ISTANBUL (Reuters) – An autopsy on late President Turgut Ozal, who led Turkey out of military rule in the 1980s and whose body was exhumed last month, will reveal he was poisoned, his son believes, calling for a full investigation of the “dark years” two decades ago when he died.


Ahmet Ozal was speaking after a newspaper report said high levels of poison had been identified by the autopsy, carried out after his father’s body was dug up on the orders of prosecutors investigating suspicions of foul play in his death.





















State forensic authorities have denied the media report.


Ozal’s moves to end a Kurdish insurgency and create a Turkic union with central Asian states have been cited as motives for would-be enemies in the shadowy “deep state”, in which security establishment figures and criminal elements colluded.

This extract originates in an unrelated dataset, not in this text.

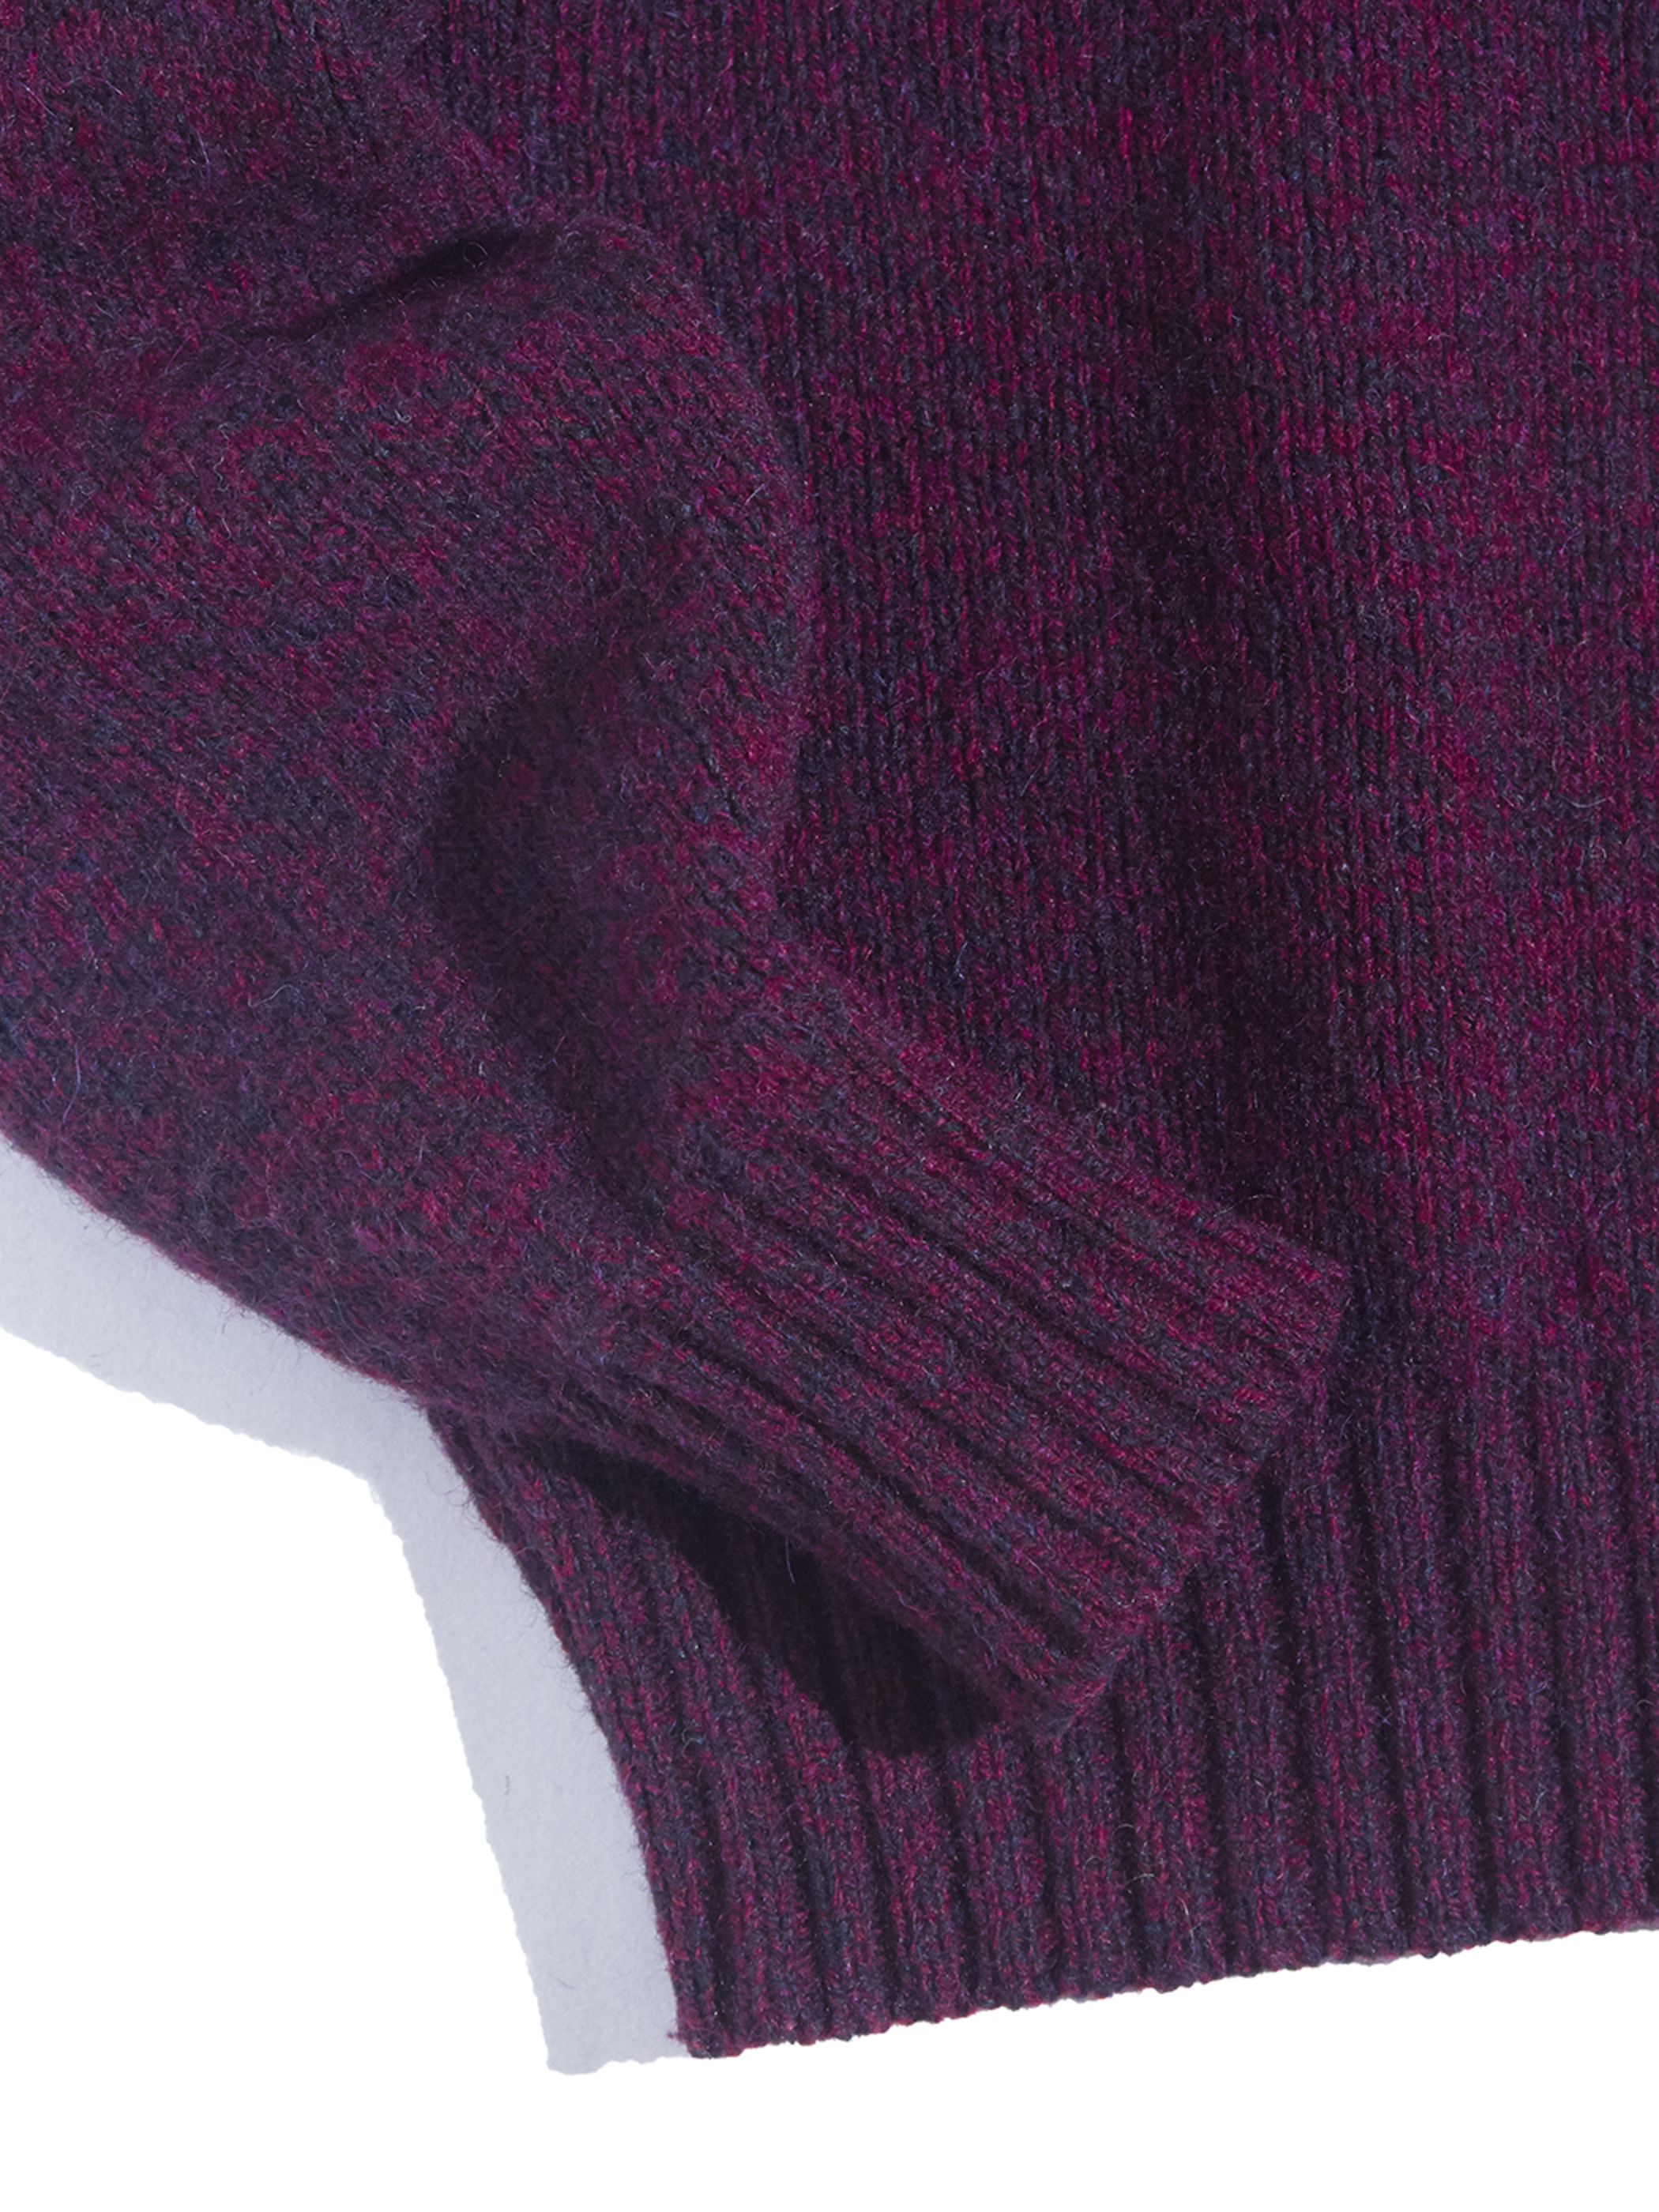 1990s "POPLAR" wool melange knit -BURGANDY-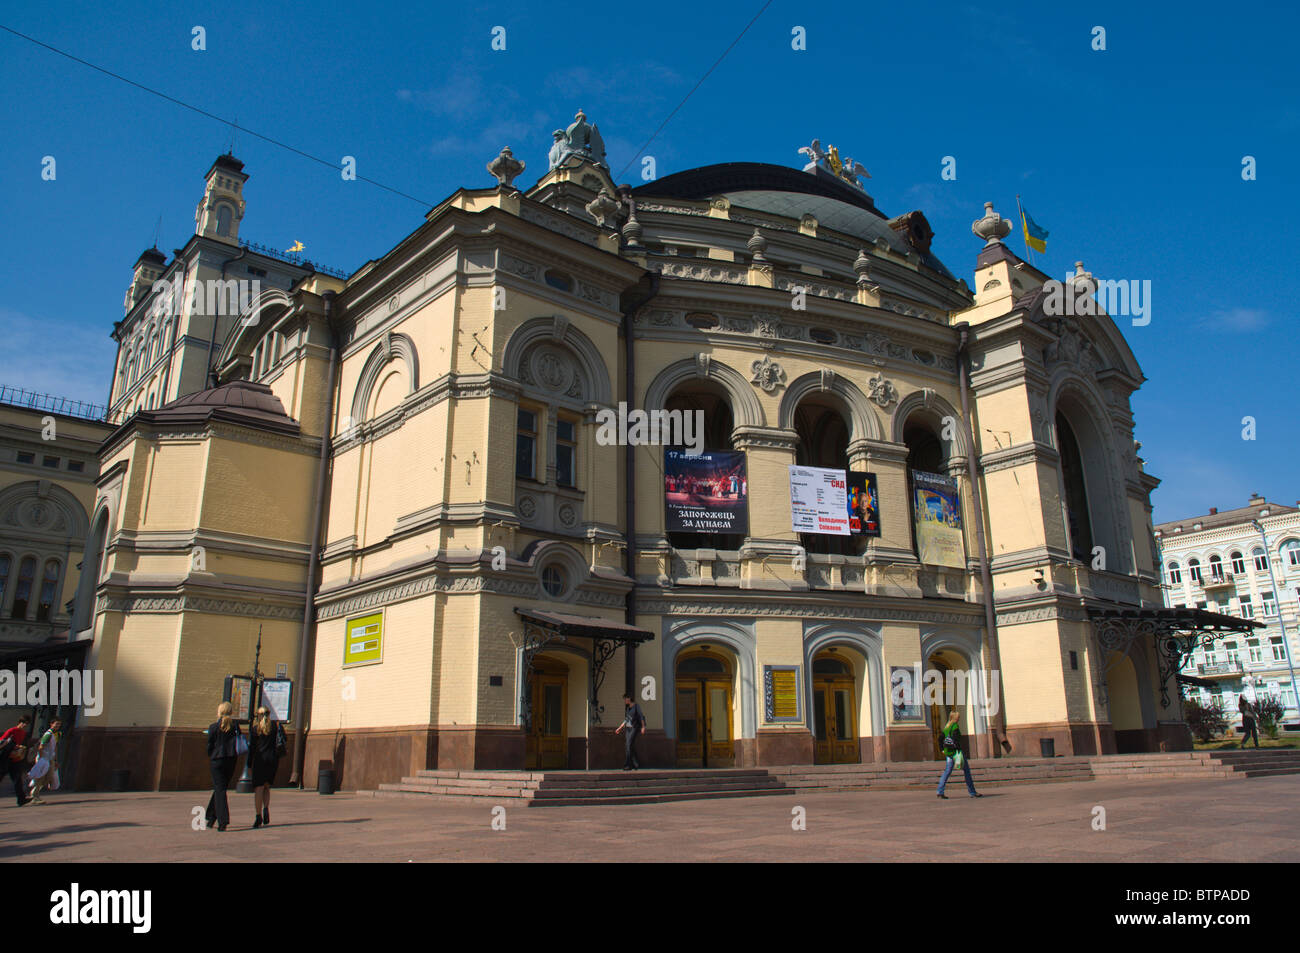 Ukrainian National Opera and Ballet house central Kiev Ukraine Europe Stock Photo

Ozal died of heart failure while in office in April 1993 at the age of 65. After undergoing a triple heart bypass operation in the United States in 1987, he kept up a grueling schedule while remaining overweight until he died.


But his family believe he was the victim of a plot.


“Even though 19 years have passed, thanks to technological advances and rigorous investigation they are capable of finding poisonous substances … I believe they will be found,” former member of parliament Ahmet Ozal told Reuters late on Saturday.


“I am 100 percent sure his death was not normal. If it is indeed proven, then Turkey should thoroughly investigate the dark years,” he said, noting that top investigative journalist Ugur Mumcu was killed in a car bomb the year Ozal died.


It was Turkey’s military leaders who appointed him as a minister after a period of military rule following a 1980 coup.


Ozal went on to dominate Turkish politics during his period as prime minister from 1983-89. Parliament then elected him president, but those close to him believe his reform efforts displeased some in the security establishment.


While prime minister, Ozal survived an assassination attempt by a right-wing gunman in 1988 when he was shot at a party congress, suffering a wounded finger. Ahmet Ozal said he believed there was a cover-up over the assassination attempt.


“If the assassination (attempt) is investigated … we may see interesting connections to things happening these days. It could also offer an insight into my father death,” he said, noting a presidential order would be needed for such an investigation.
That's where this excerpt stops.